From ‘Day One’ rights to a nine-month buffer
The government’s initial proposal, expected to come into force in 2027, aims to extend protection from unfair dismissal to all employees from their first day of employment. The original proposal also introduced an ‘initial period of employment’. This was to be a nine-month window during which employers could dismiss staff using a yet-to-be-determined, simplified process. The intention was to balance fairness for employees with commercial flexibility for employers.
Lords’ amendment: six months instead of structural reform
The House of Lords has now voted to remove the ‘initial period of employment’ entirely, opting instead for a simpler amendment to reduce the unfair dismissal qualifying period to six months. The arguments for this are that it:
- Offers earlier protection to employees in a clearer, more accessible way;
- Avoids the need for a new legal framework; and
- Reduces the administrative burden for employment tribunals.
What happens next?
The Bill will return to the House of Commons. Considering the government’s manifesto commitment to ‘day one’ rights, it is likely that the Lords’ amendment will be rejected. Ministers may seek to reinstate the original proposal – including the nine-month initial period.
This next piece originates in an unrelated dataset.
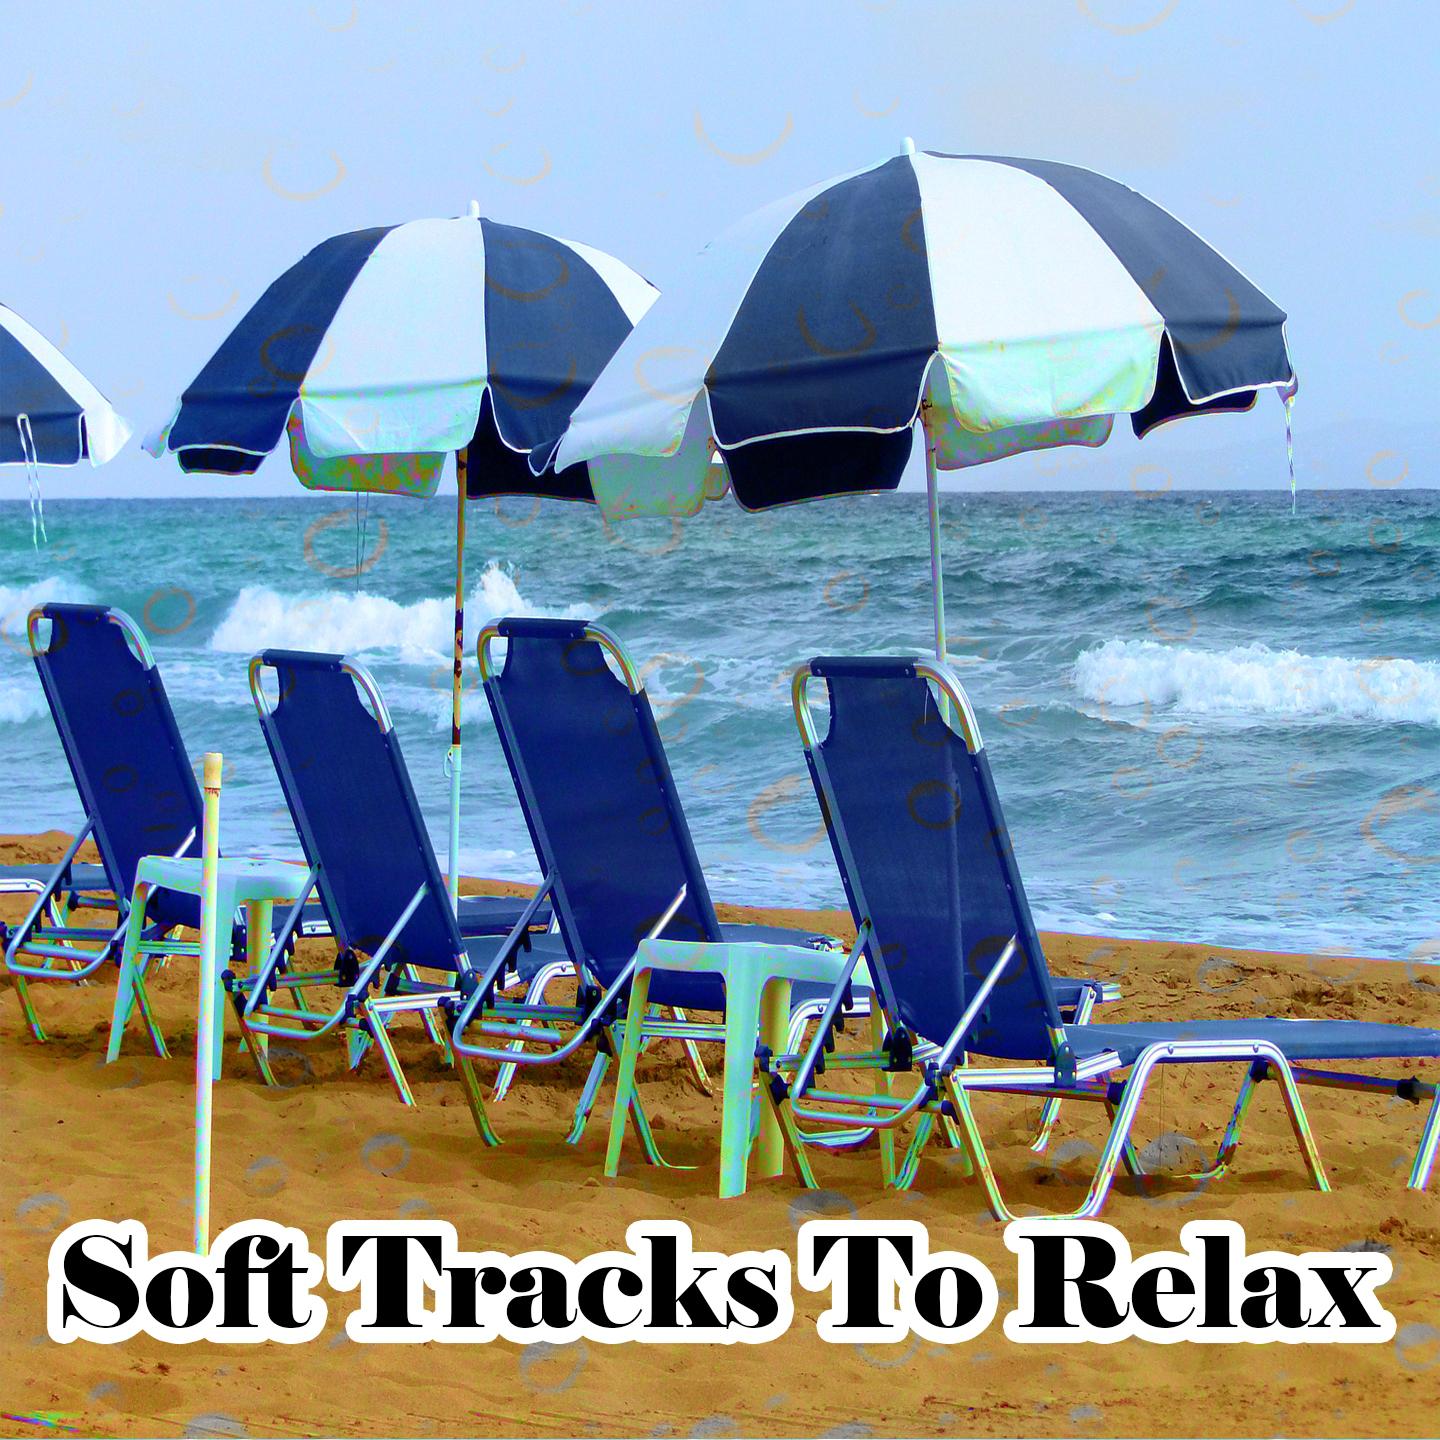 Soft Tracks To Relax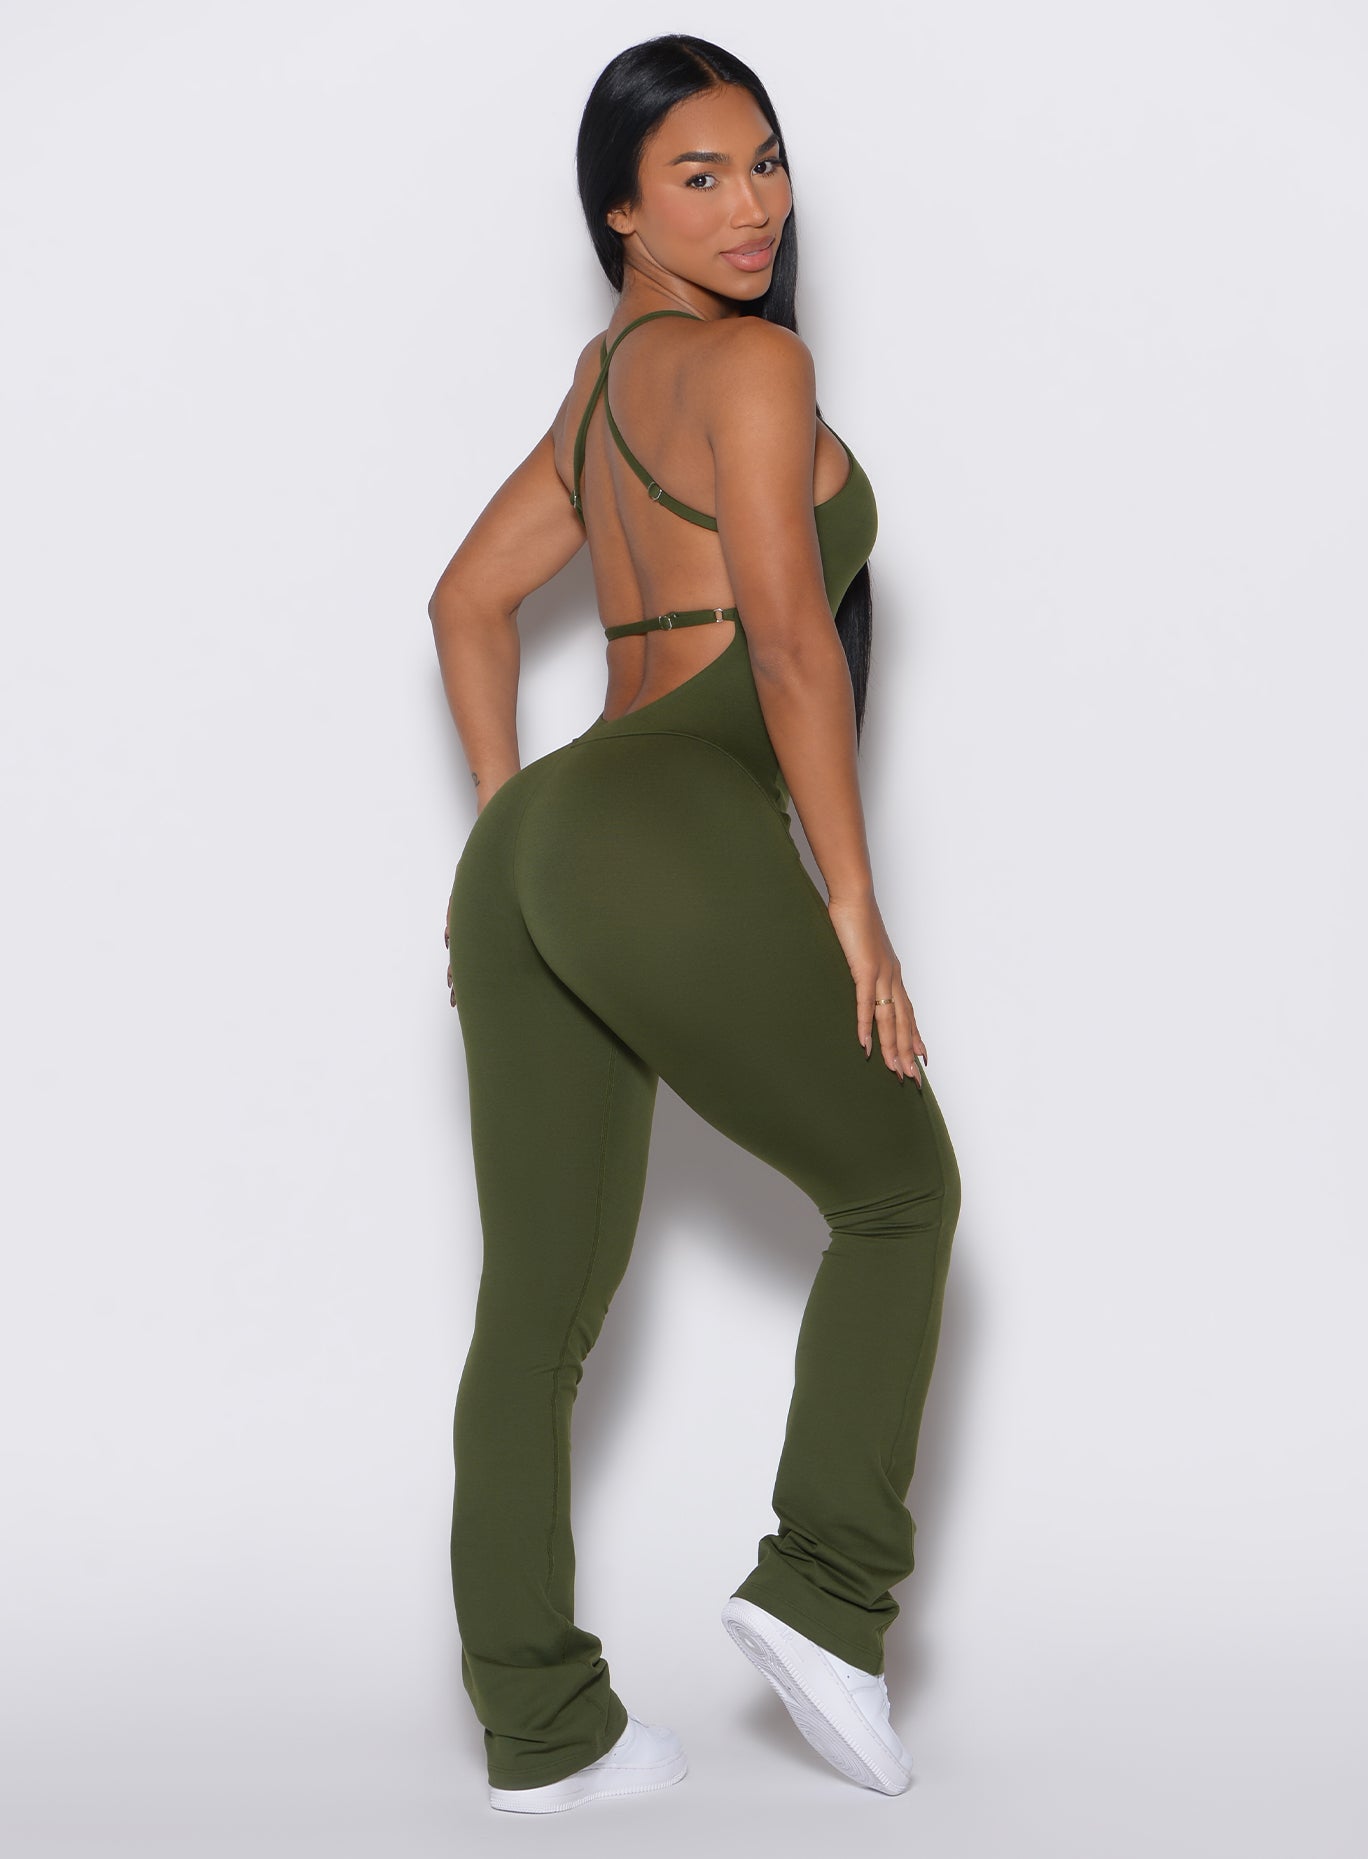 Right side profile view of a model wearing the Bombshell Bunny Bodysuit in Jungle color

Under the Salisbury Convention, the Lords do not usually obstruct government manifesto pledges. Therefore, although peers may press for reassurances or further clarification, they are still expected to allow the Bill to pass into law.
Practical implications for employers
The final outcome will have significant implications for hiring and dismissal strategies. If the original version passes, employers will need to navigate a more complex dismissal route for new starters during the initial nine-month period – with legal and procedural details still to be confirmed.
If the six-month amendment is accepted (or a compromise is reached), employers would instead face a simpler legal landscape, albeit with reduced time to assess and manage underperformance before full protection from unfair dismissal.
Either way, businesses should prepare for a significant change. Probation periods, performance management frameworks, and dismissal procedures may all need revisiting as the new regime takes shape.